7. Permission to appeal was granted on 5 April 2017.

8. The appeal came before me on 12 June 2017. Mr Woodhouse raised a timeliness issue, in that the respondent's permission application had been made out of time and the grant of permission had not addressed the matter. He asked that the respondent's application be struck out. Both parties made submissions in the alternative.

9. I advised the parties that I was extending time and admitting the application. An application to extend time had been made by the respondent. The reason provided by the respondent for the delay was not particularly persuasive but the grounds had strong merit and raised a question of importance, namely deception on the part of the appellant. In all the circumstances, and considering the period of the delay which, albeit not trivial, was not significant, it seemed to me that it was in the interests of justice for time to be extended. I also advised the parties that, in my view, the judge had made significant errors of law such that his decision could not stand, and my reasons for so concluding are as follows.

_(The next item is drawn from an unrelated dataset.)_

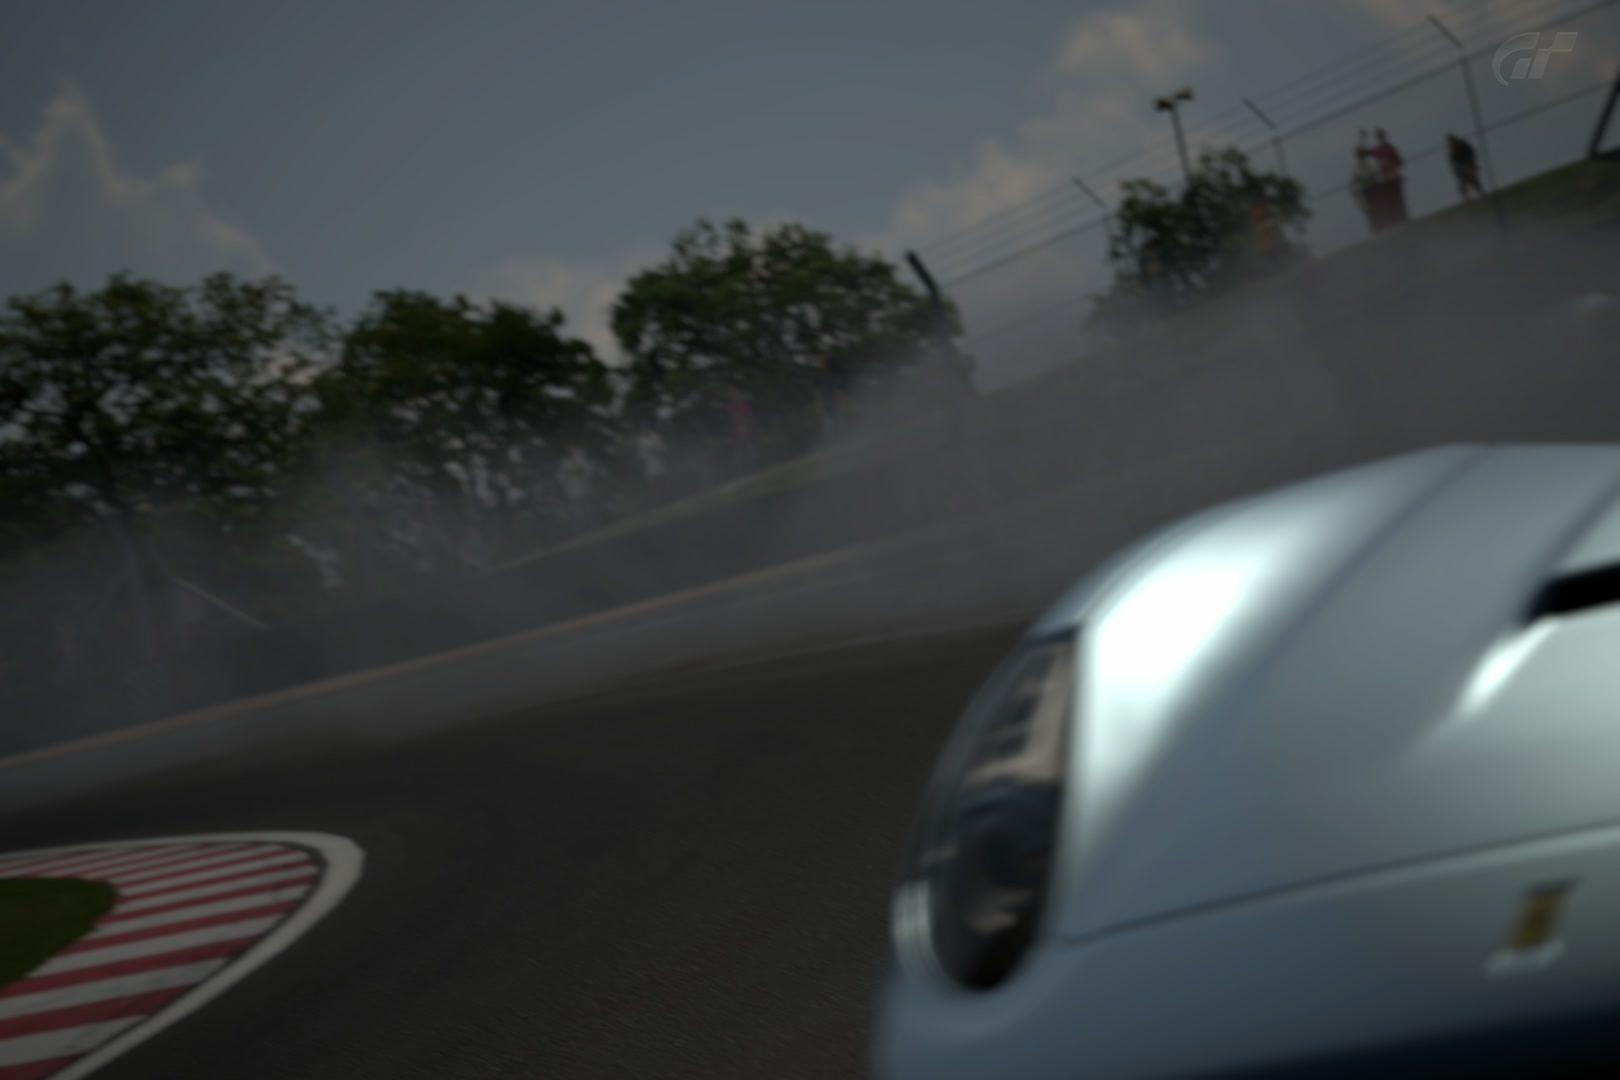 Brands Hatch Grand Prix Circuit_6.jpg

10. Whilst Mr Woodhouse submitted that the judge had been entitled to refuse to admit the documents as it was unfair for an unrepresented appellant to be ambushed with a large bundle of evidence, it seems to me that the judge's approach in excluding the evidence and proceeding with the appeal was procedurally unfair. The majority of the evidence was generic evidence in ETS cases and was in the public domain and had been considered in detail in relevant case law including SM and Qadir (ETS - Evidence - Burden of Proof) [2016] UKUT 229 and MA (ETS - TOEIC testing) Nigeria [2016] UKUT 450. The evidence relating specifically to the appellant was minimal and could easily have been considered without undue delay. The judge ought to have been aware from those cases that the generic evidence was sufficient to discharge the initial evidential burden of proof upon the respondent and it was incumbent upon him to then invite oral evidence from the appellant to ascertain whether he had an "innocent explanation". Alternatively the judge could have adjourned the proceedings to enable the appellant to consider the respondent's evidence. Although he recorded that neither party applied for an adjournment, it is not clear from his decision if such an opportunity was provided to the respondent once it was made clear that the evidence was to be excluded.

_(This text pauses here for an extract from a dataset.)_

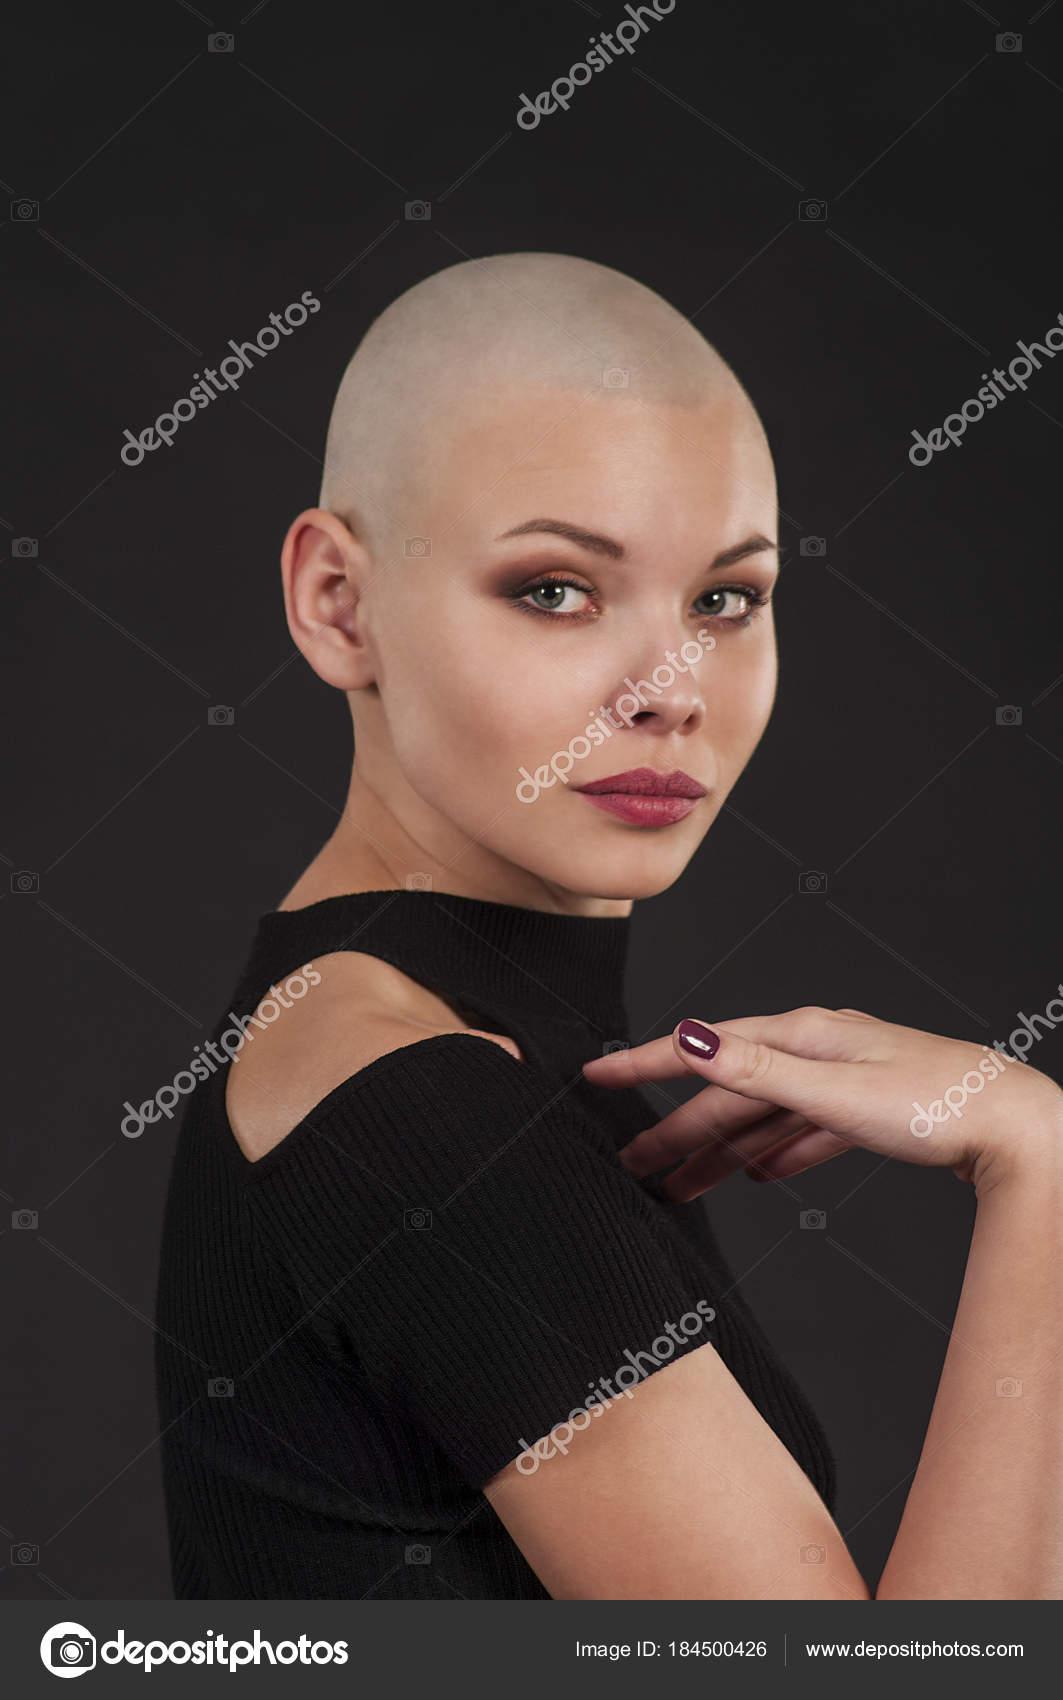 Emotional portrait of a naked girl shaved bald. — Stock

11. In the circumstances it was procedurally unfair for the judge to exclude the evidence which formed the basis of the respondent's case and to then dismiss the appeal on the basis that the respondent had failed to make out her case. As such the judge's decision on the suitability provisions in Appendix FM was materially flawed. That in turn impacted upon the decision under the immigration rules, although separate errors arose in that regard. As Mr Mills submitted the judge appeared to have accepted that the required evidence of adequate maintenance or savings was not available at the time of the application, yet allowed the appeal under the immigration rules on the basis that it had been made available for the appeal. Clearly that was wrong. Likewise the judge's decision outside the immigration rules was flawed in that it failed to take into account the appellant's inability to meet the requirements of the immigration rules and included no consideration of section 117B of the Nationality, Immigration and Asylum Act 2002 Act.

12. For all of these reasons the judge's decision is unsustainable and must be set aside in its entirety and re-made afresh with no preserved findings. The appropriate course, as accepted by the parties, is for the matter to be remitted to the First-tier Tribunal to be heard afresh.

DECISION

13. The making of the decision of the First-tier Tribunal involved the making of an error on a point of law. The decision is set aside.

14. The appeal is remitted to the First-tier Tribunal pursuant to section 12(2)(b)(i) of the Tribunals, Courts and Enforcement Act 2007 and Practice Statement 7.2(b), before any judge aside from Judge Heatherington.